--- Given data Enclosed Below ---

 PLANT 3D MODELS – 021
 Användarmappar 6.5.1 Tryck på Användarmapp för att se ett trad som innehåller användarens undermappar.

--- End of Enclosed Given data ---
--- Given data Enclosed Below ---

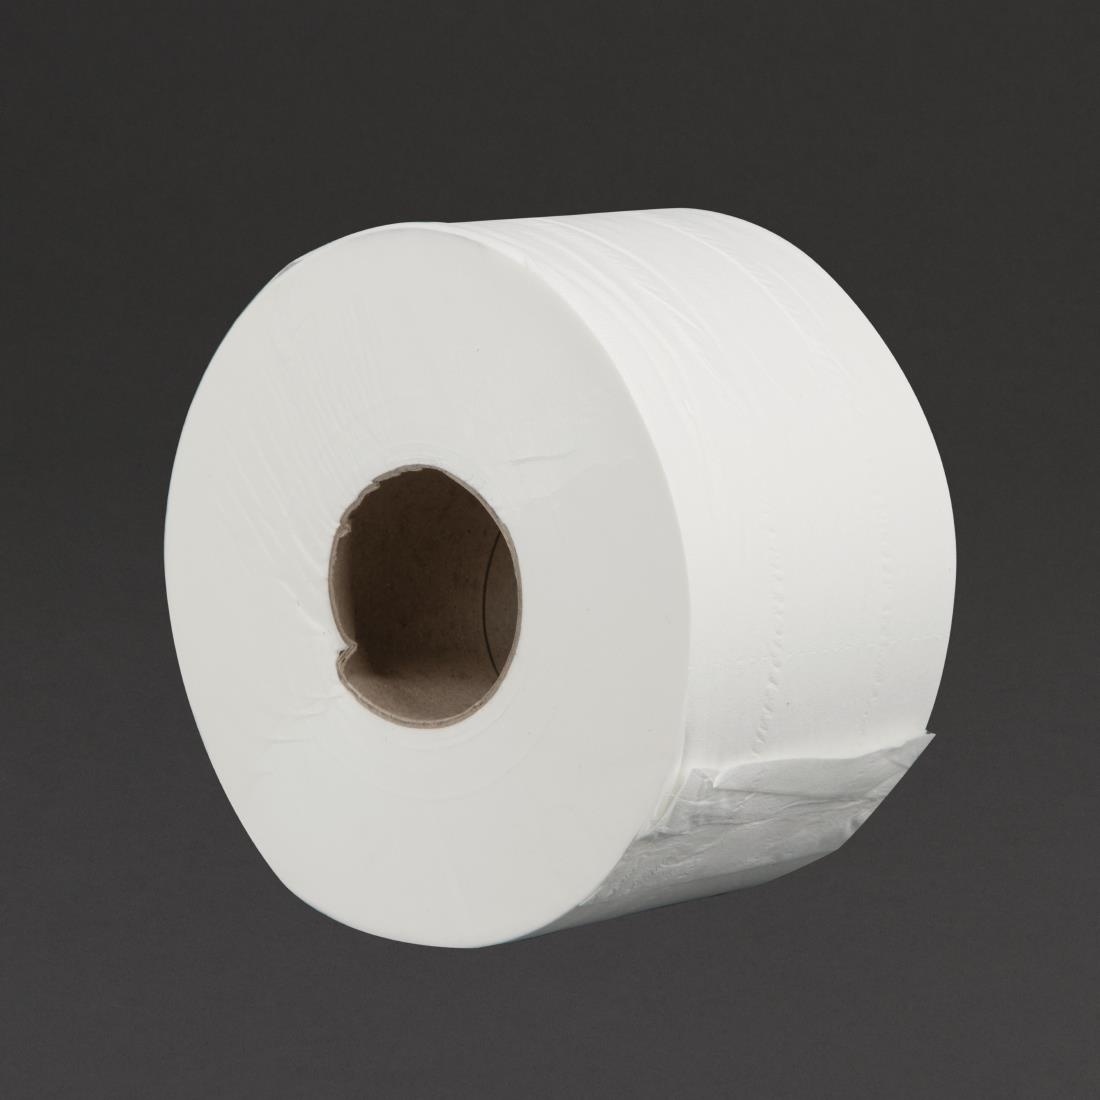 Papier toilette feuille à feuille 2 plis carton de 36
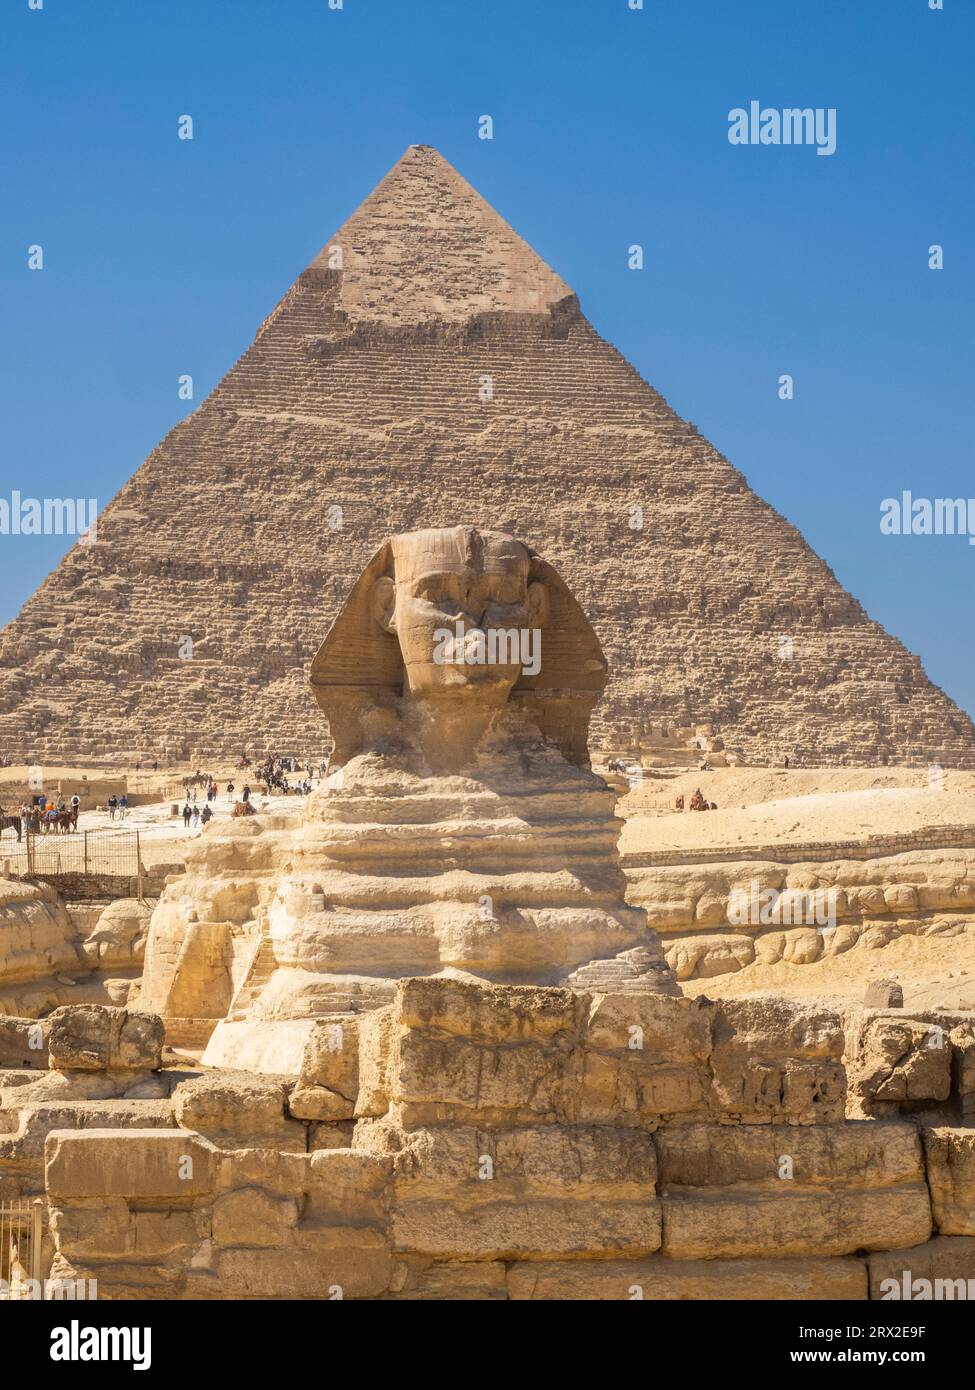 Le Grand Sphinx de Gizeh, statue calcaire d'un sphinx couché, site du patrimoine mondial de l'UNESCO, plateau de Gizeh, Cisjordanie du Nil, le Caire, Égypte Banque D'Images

--- End of Enclosed Given data ---

• _What needs to be done_:
In your answer, include only the lines above starting at the line that holds "PLANT 3D MODELS – 021" and ending at the line that holds "Användarmappar 6.5.1 Tryck", copied exactly.

• _Response box_:
 PLANT 3D MODELS – 021
 Användarmappar 6.5.1 Tryck på Användarmapp för att se ett trad som innehåller användarens undermappar.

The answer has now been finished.